WHAT YOU NEED TO DO:
Before printing the listing, strip out its pictures and keep everything else exact.

EXERCISE DATA:
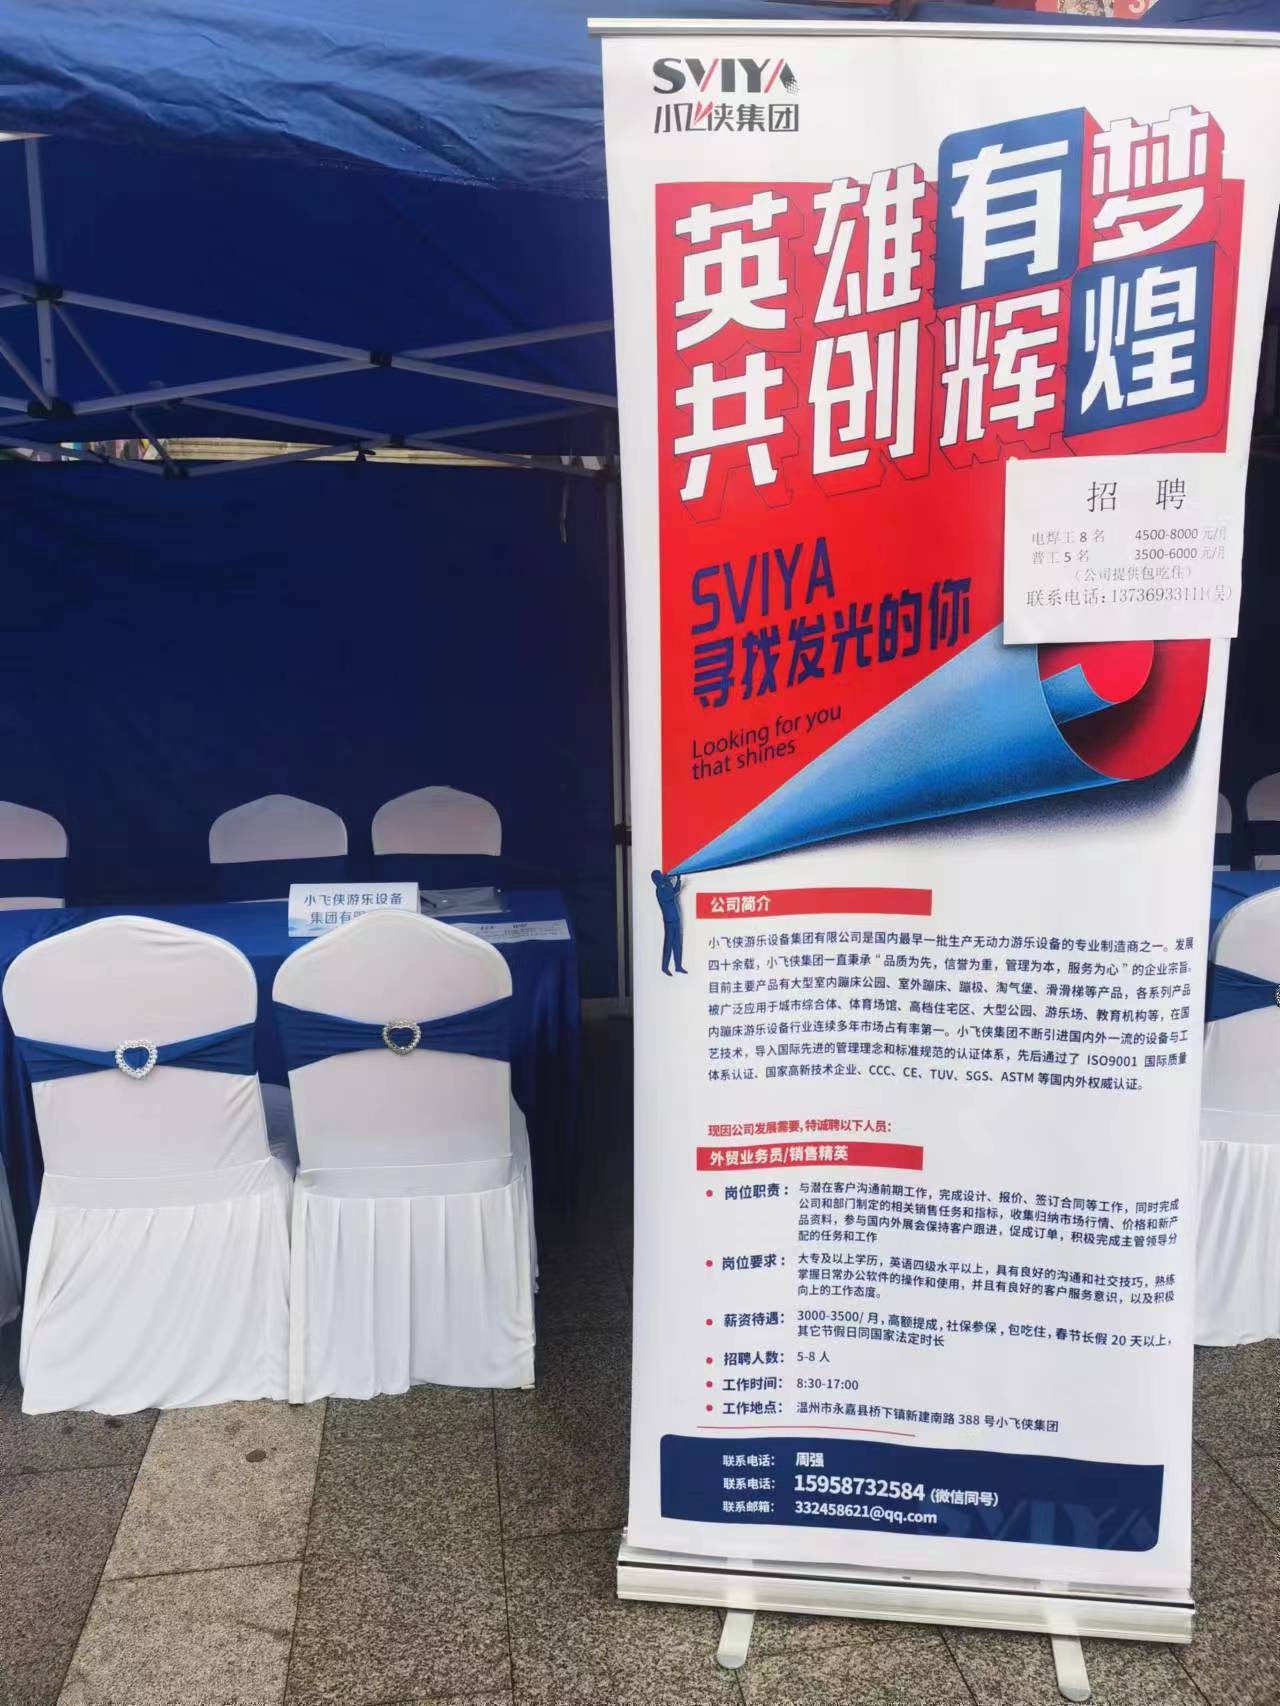 SVIYA Group At Job Fair Held By Qiaoxia Government
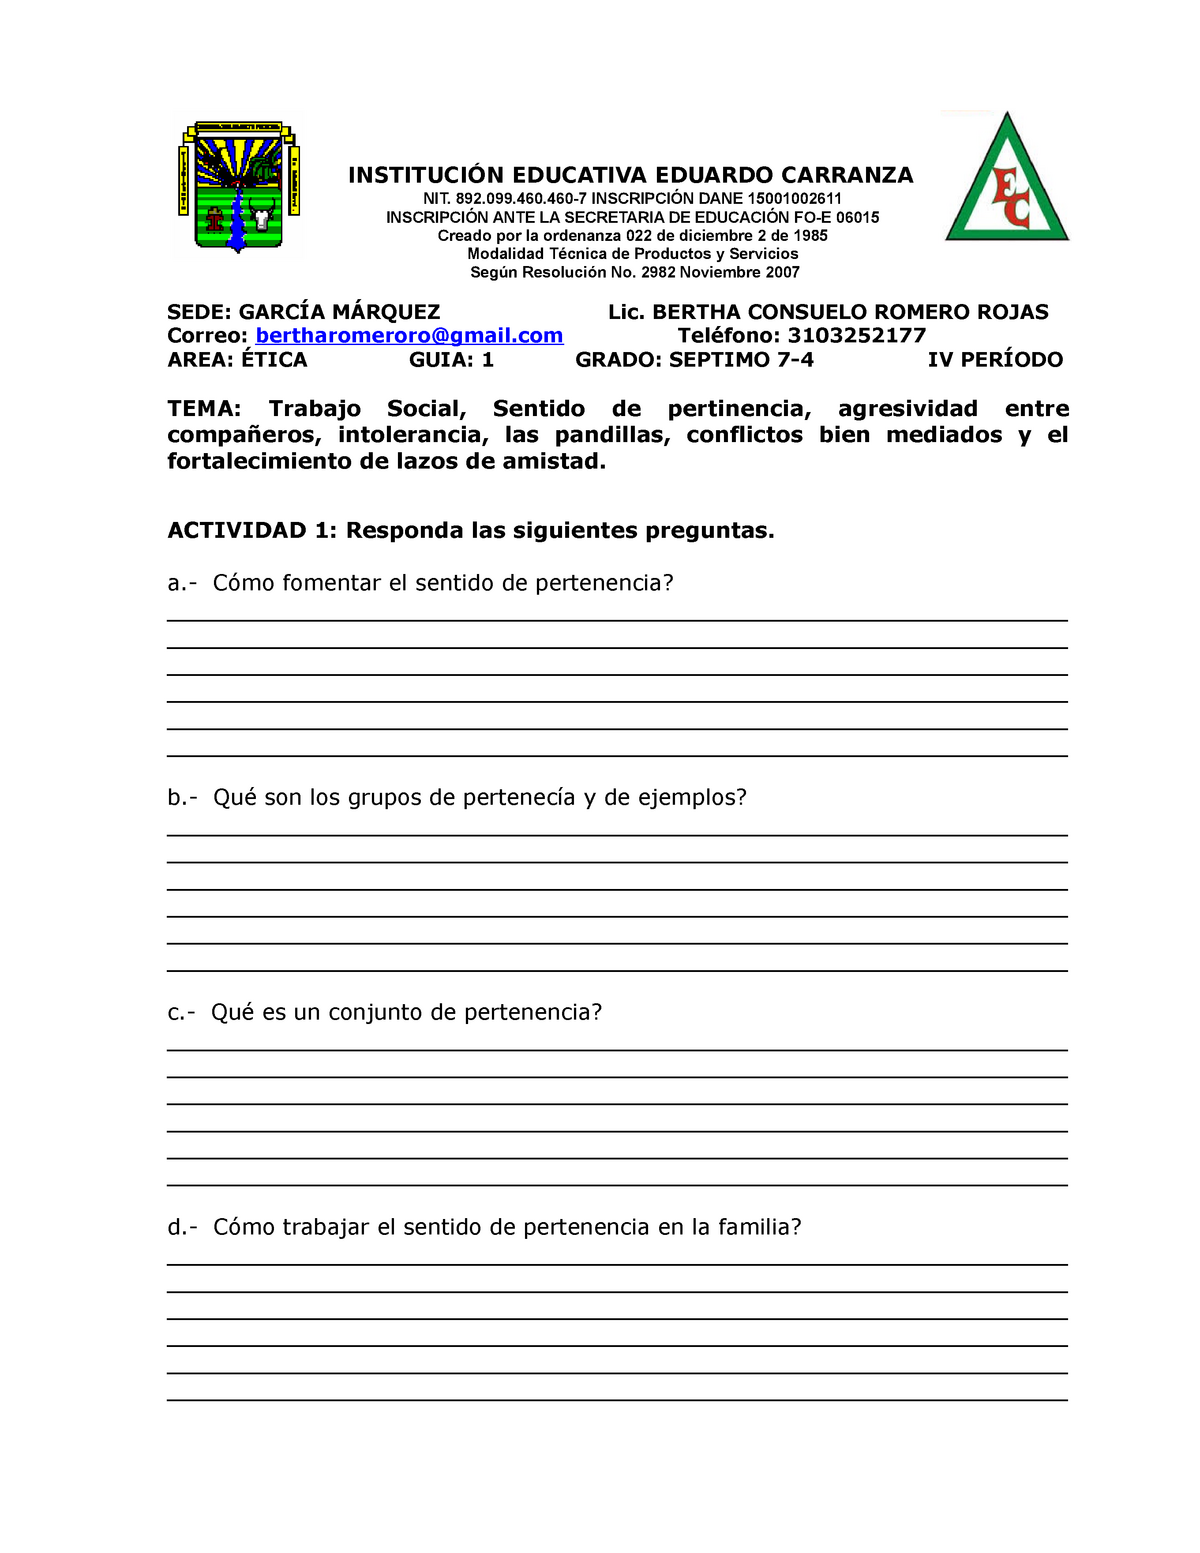 Imprimir Guia De Etica Grado 7 4 N° 1 Iv Periodo InstituciÓn Educativa Eduardo Carranza Nit 6183
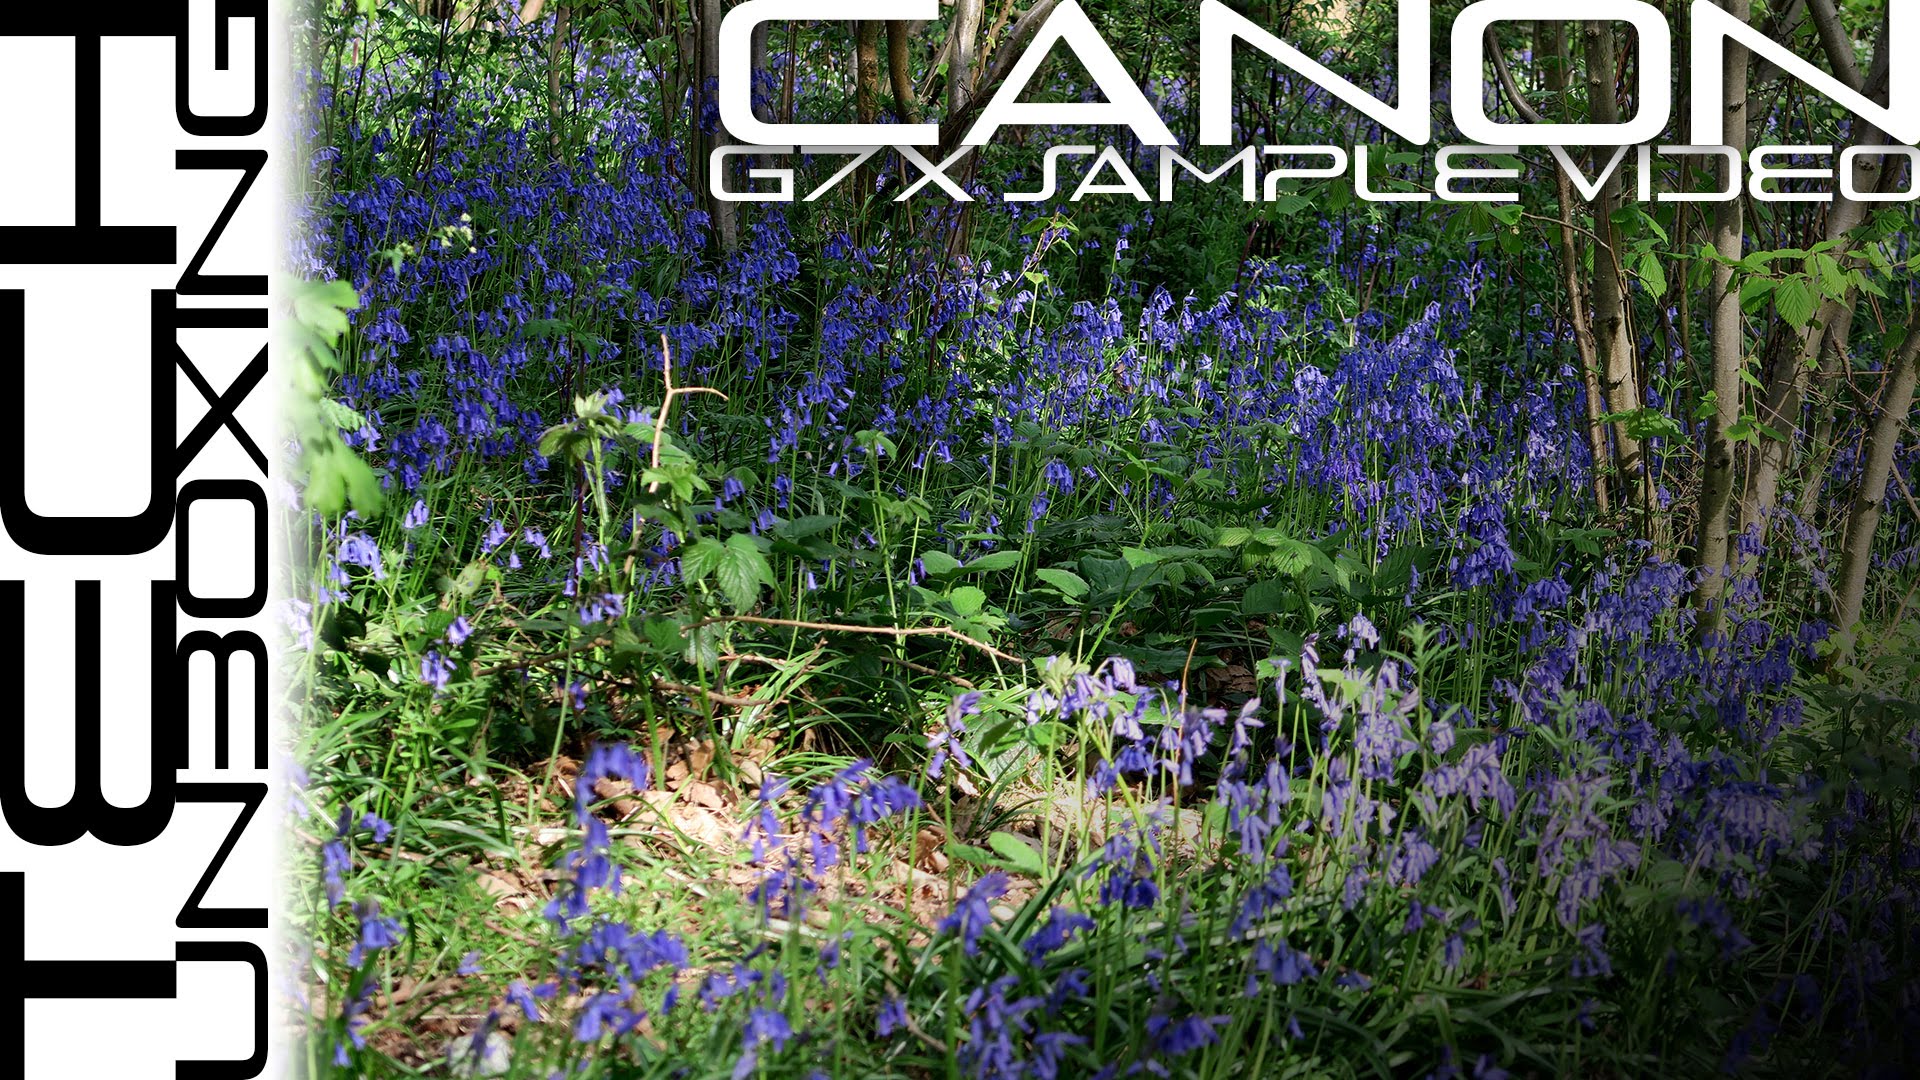 Canon PowerShot G7X Sample Video

ANSWER TO THE PROBLEM:
 SVIYA Group At Job Fair Held By Qiaoxia Government
 Imprimir Guia De Etica Grado 7 4 N° 1 Iv Periodo InstituciÓn Educativa Eduardo Carranza Nit 6183
 Canon PowerShot G7X Sample Video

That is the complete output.